Since uLisp Zero doesn't have numbers, this version of the benchmark uses the length of the lists to denote the numbers. I use "x"s, but you could use any list of symbols.

First we define an add function; this is the same as the append function, app, defined above:

(defun add (one two)
  (if (null (cdr one)) (cons (car one) two)
    (cons (car one) (add (cdr one) two))))

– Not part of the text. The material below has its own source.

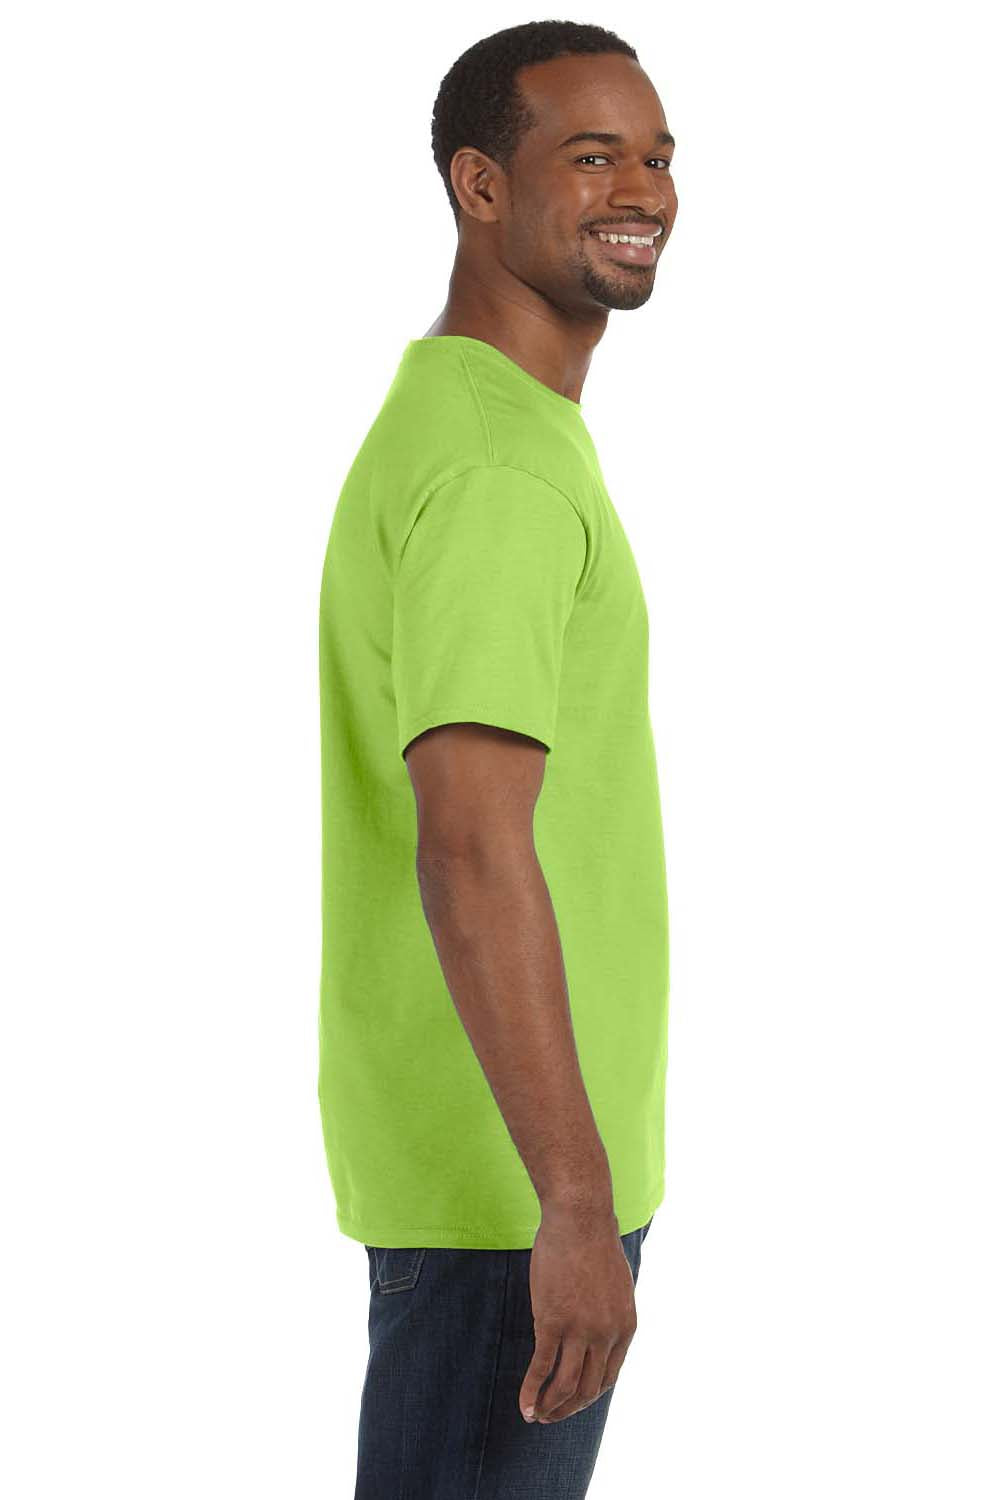 Jerzees 29M Mens Dri-Power Moisture Wicking Short Sleeve Crewneck T-Shirt Neon Green Side

For example, to add 2 and 3:

> (add '(x x) '(x x x))
(x x x x x)

Next we need an equivalent subtract function, sub. This is the same as the lgr function defined above (negative numbers aren't supported!):

(defun sub (a b)
  (if (null b) a
    (sub (cdr a) (cdr b))))

 For example:

> (sub '(x x x x) '(x x))
(x x)

The following function returns t if its argument is less than or equal to 2, and nil otherwise:

(defun le2 (n)
  (null (cdr (cdr n)))

For example:

>  (le2 '(x x))
t

Finally, here's the definition of q:

(defun q (n)
  (if (le2 n) '(x)
    (add
     (q (sub n (q (cdr n))))
     (q (sub n (q (cdr (cdr n))))))))

On an Arduino Mega 2560 (q 21) takes 162 secs to return the answer 12:

> (q '(x x x x x x x x x x x x x x x x x x x x x))
(x x x x x x x x x x x x)

Here are all the examples in a single file: uLisp Zero examples.